21) When I was younger I was convinced that I would be a famous singer/actor. After I made millions of dollars I would travel to Egypt. Then I realized I could skip the waiting to be famous part and just go. I lived in Egypt when I was 19. I just went there. No plans. No idea what I was getting myself into. Very little money. A backpack with a couple changes of clothes. Then when I was 20, I hitchhiked all the way to New York. I carried everything in a duffle bag. I had no plans. I lived and breathed ‘The Course in Miracles’. I believed that I was invincible. I probably was.

22) Snorkeling in warm water surrounded by fish is my idea of heaven.

23) I should be less aloof.

24) My favorite color changes constantly as does my favorite food, favorite book, favorite song, etc.

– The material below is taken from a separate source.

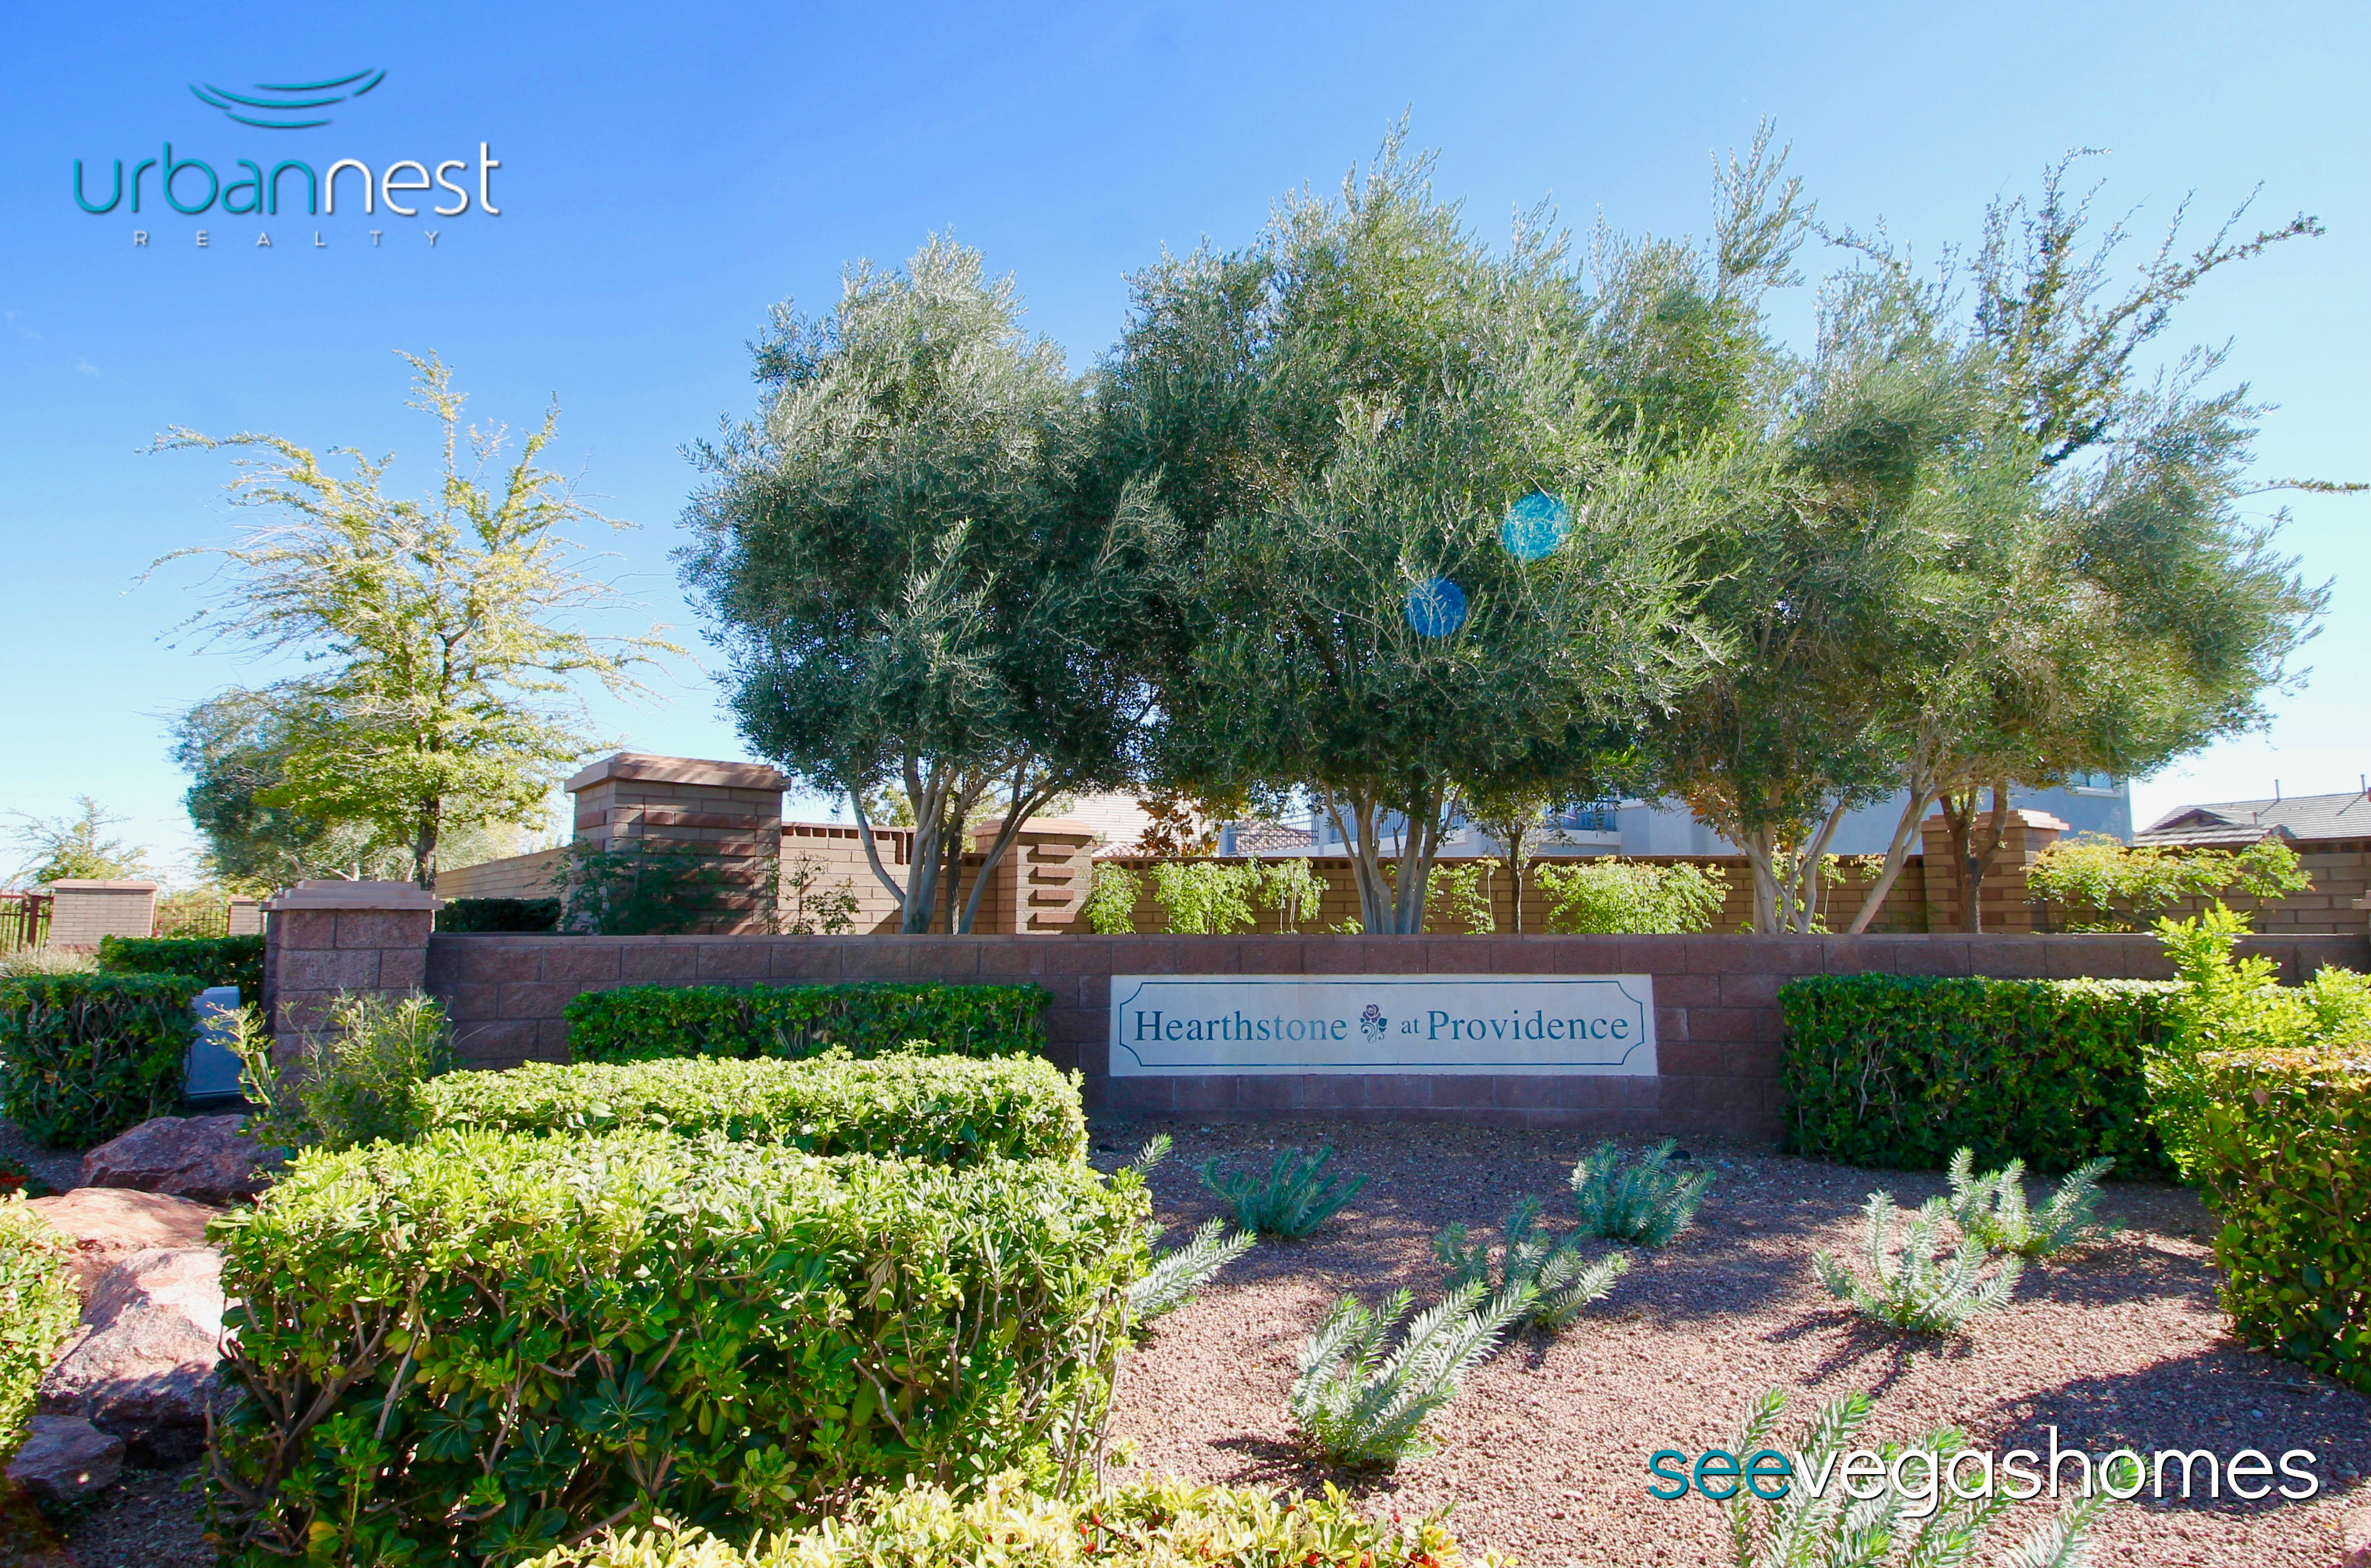 Hearthstone_at_Providence_Las_Vegas_NV_89166_SeeVegasHomes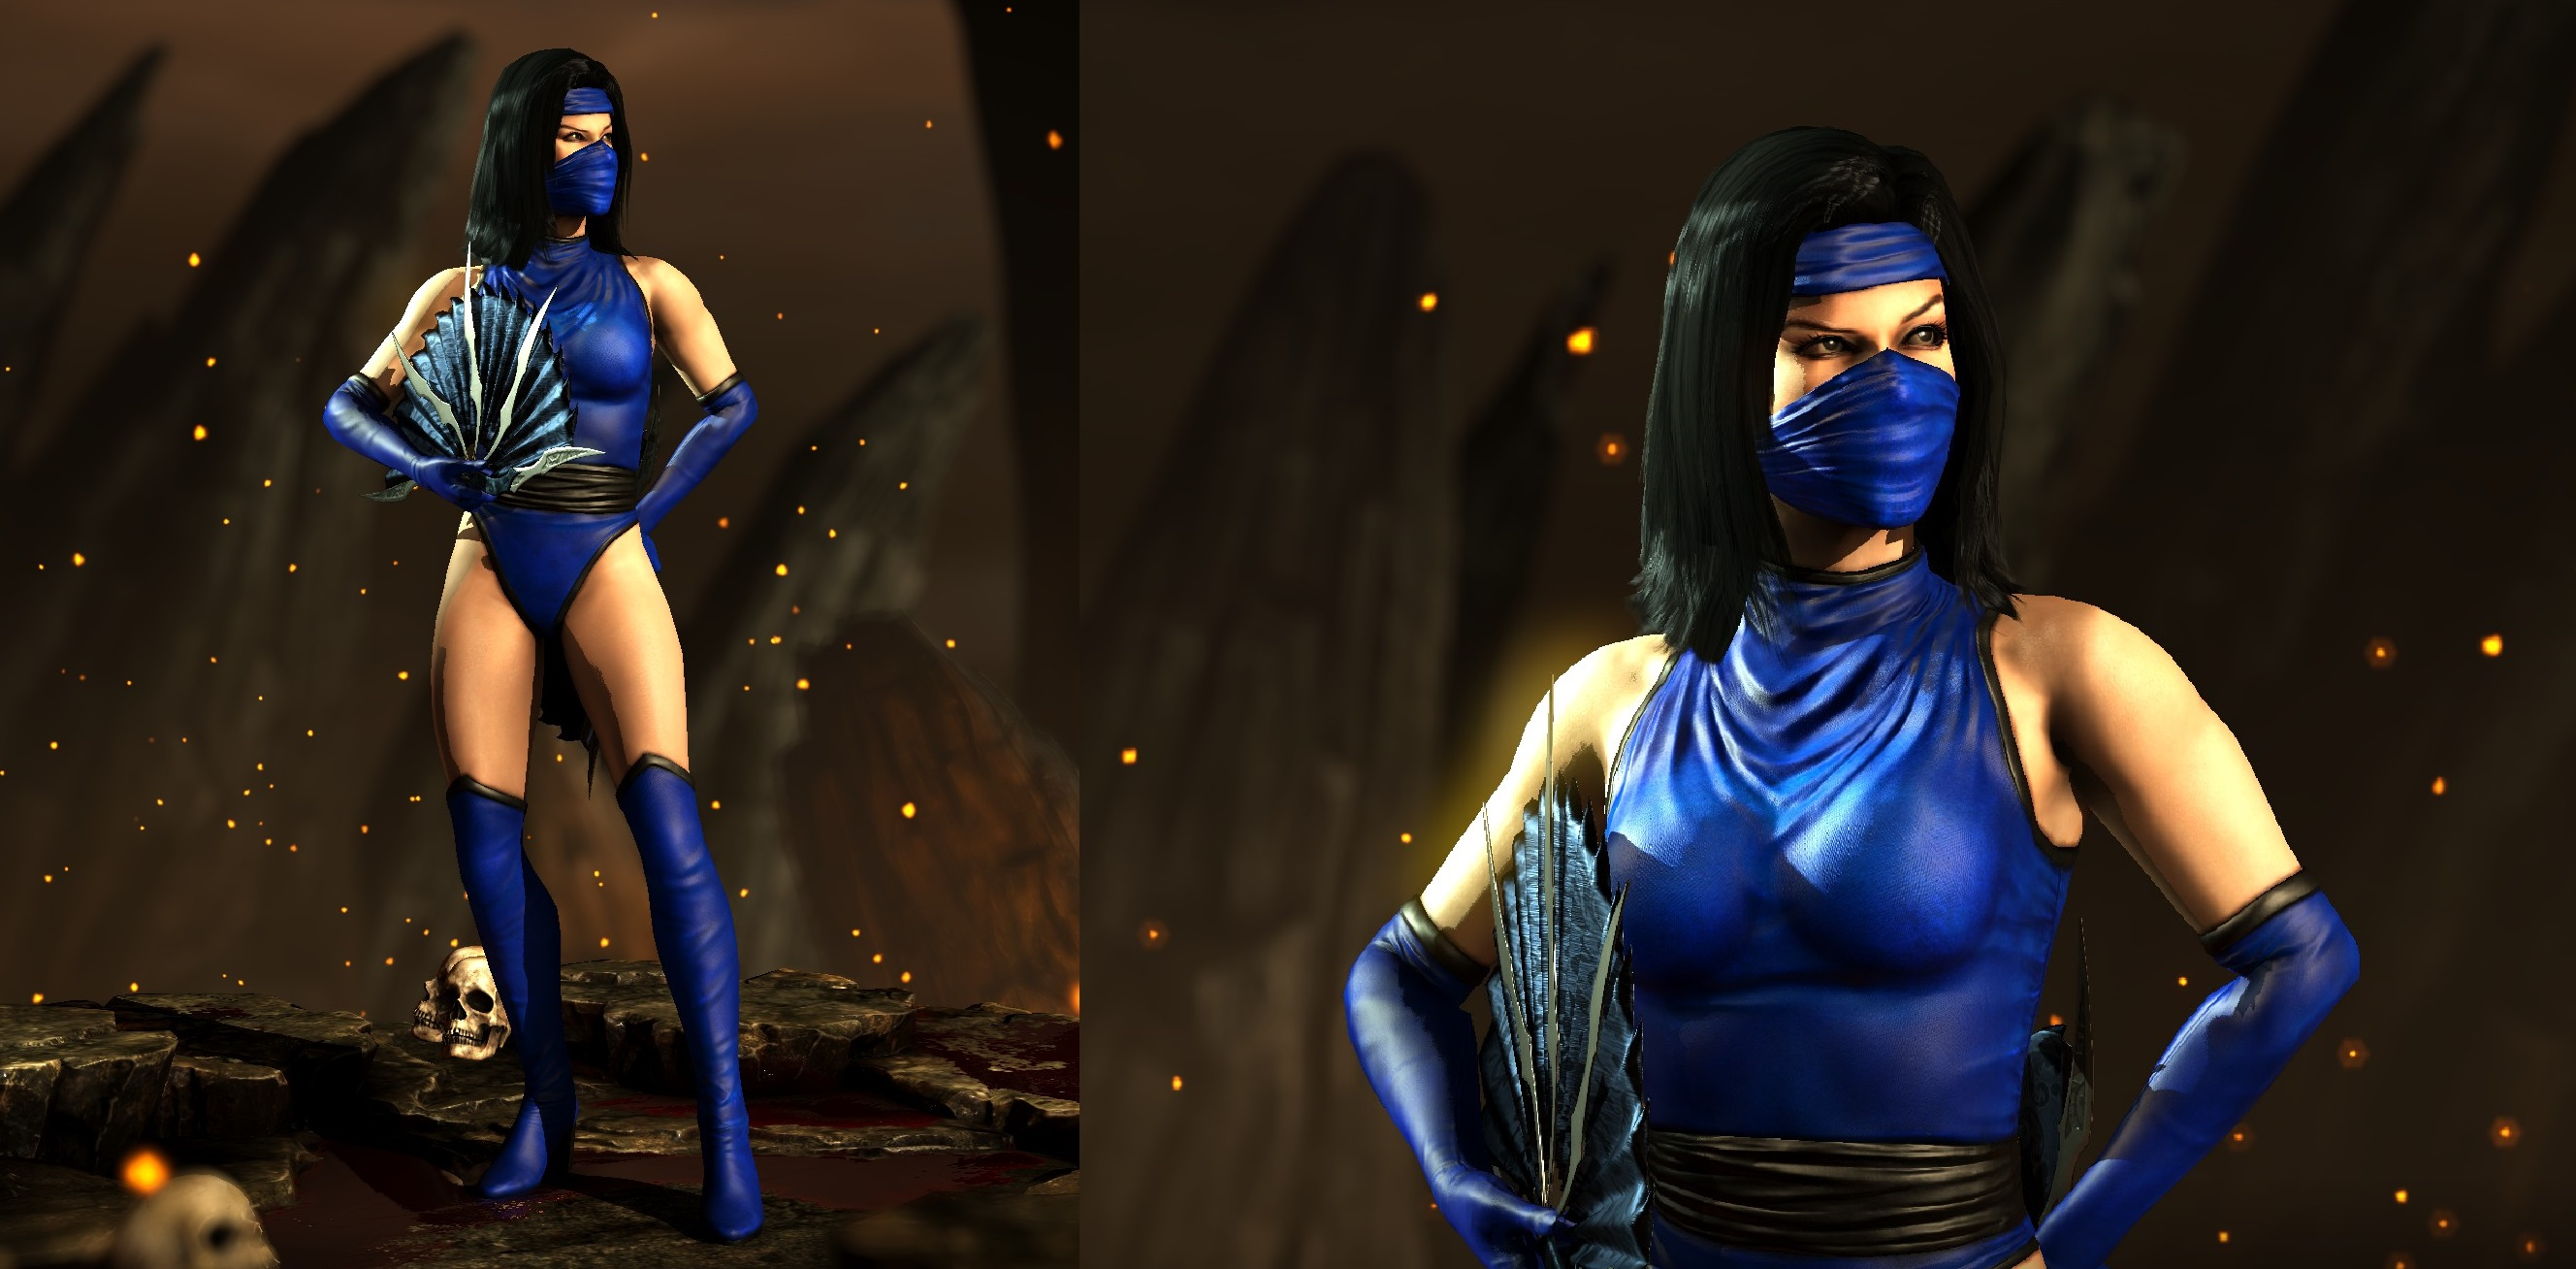 Kitana Mk2 edited kitana 6 image ...

25) I should write more but I worry about being less than perfect with grammar. My spelling is atrocious. I hope you will just feel what I’m saying and not be too critical about how I say it. See, I am a circular writer and thinker.

Sunday, January 18, 2009





Consumables or Trout Bait?

It has been a while since I posted anything so I thought I would just post some random thoughts. The snow has had us so preoccupied every waking minute between shoveling, plowing and spreading environmentally friendly ice melter that poof! the holidays were over. It is now a thrilling 9 degrees C and the sun is blazing so brightly it almost hurts my eyes to look at it. Yesterday we took the deprived pups for a 4 mile walk at Royal Roads. It was so incredibly beautiful it made me ache inside. We still look at one another and say “Can you believe that we live here?”
We were fortunate to have friends from Seattle come to visit over the holidays. It really felt like a celebration when they arrived. We temporarily forgot about the 60cm of snow piled up along the driveway. We watched the birds at the feeder (an occasional squirrel and deer as well). Diane had a small holiday party for her curling team. We went to a wonderful Boxing Day party despite the snow falling.
Work is work. I know we are fortunate to have jobs but it does not make it any easier to drag myself away from our forest home and my 4 furry children. The dogs were stir-crazy during the month when they could only follow the tunnels through the snow in the back yard to do their business. Montana, our child with weight issues, went to the vet yesterday for a check up and she has gained some weight. An 11.4 kilogram Jack Russell is large by any standards. And so the walking on the weekends begins.
We never make New Years Resolutions. We do look at our privilege. We are grateful for everything we have. So this year, on New Years Eve, we decided that our goal for this year is to limit our discretionary spending to consumables. Looking around at our life, we really don’t need more ‘stuff’. If we do purchase a ‘stuff’ item, we will stop to question ourselves; is it a trout item or something that we will be using for at least 10 years? We call trout items those things that appear in front of you, usually bright and shiny to catch your attention. They are a hook. You don’t know much more about it than it is attractive at the moment. Before you know it you have swallowed it, you’re hooked, just because it was interesting for a brief flash of time. We have vowed to make this a trout-free year. We are working on making the exceptions discussions to be hashed out and not jack-rabbit responses to stimuli.
This week we will watch the inauguration of Obama. I certainly have hope for his time in office but I’m not naive about what he will really be able to do. I hear rumors about the reversal of Don’t Ask, Don’t Tell. It makes me hopeful for people I know in the US military who struggle with this on a daily basis. I’m so tired of the States and the hiding in the dark on this issue. Canada has been so refreshing. I love living here. I will visit the States on occasions, but Canada is my home. I miss my friends and the community we had there. But I would not trade this for that. (See Heather, it did not take me long after the snow melted to lose the “What was I thinking?” whine) So we will plan vacations with friends from the US and Canada and hope that somewhere in between we will build our new community.

We won’t consume like trout this year and in 2010 we will consume even less than in 2009.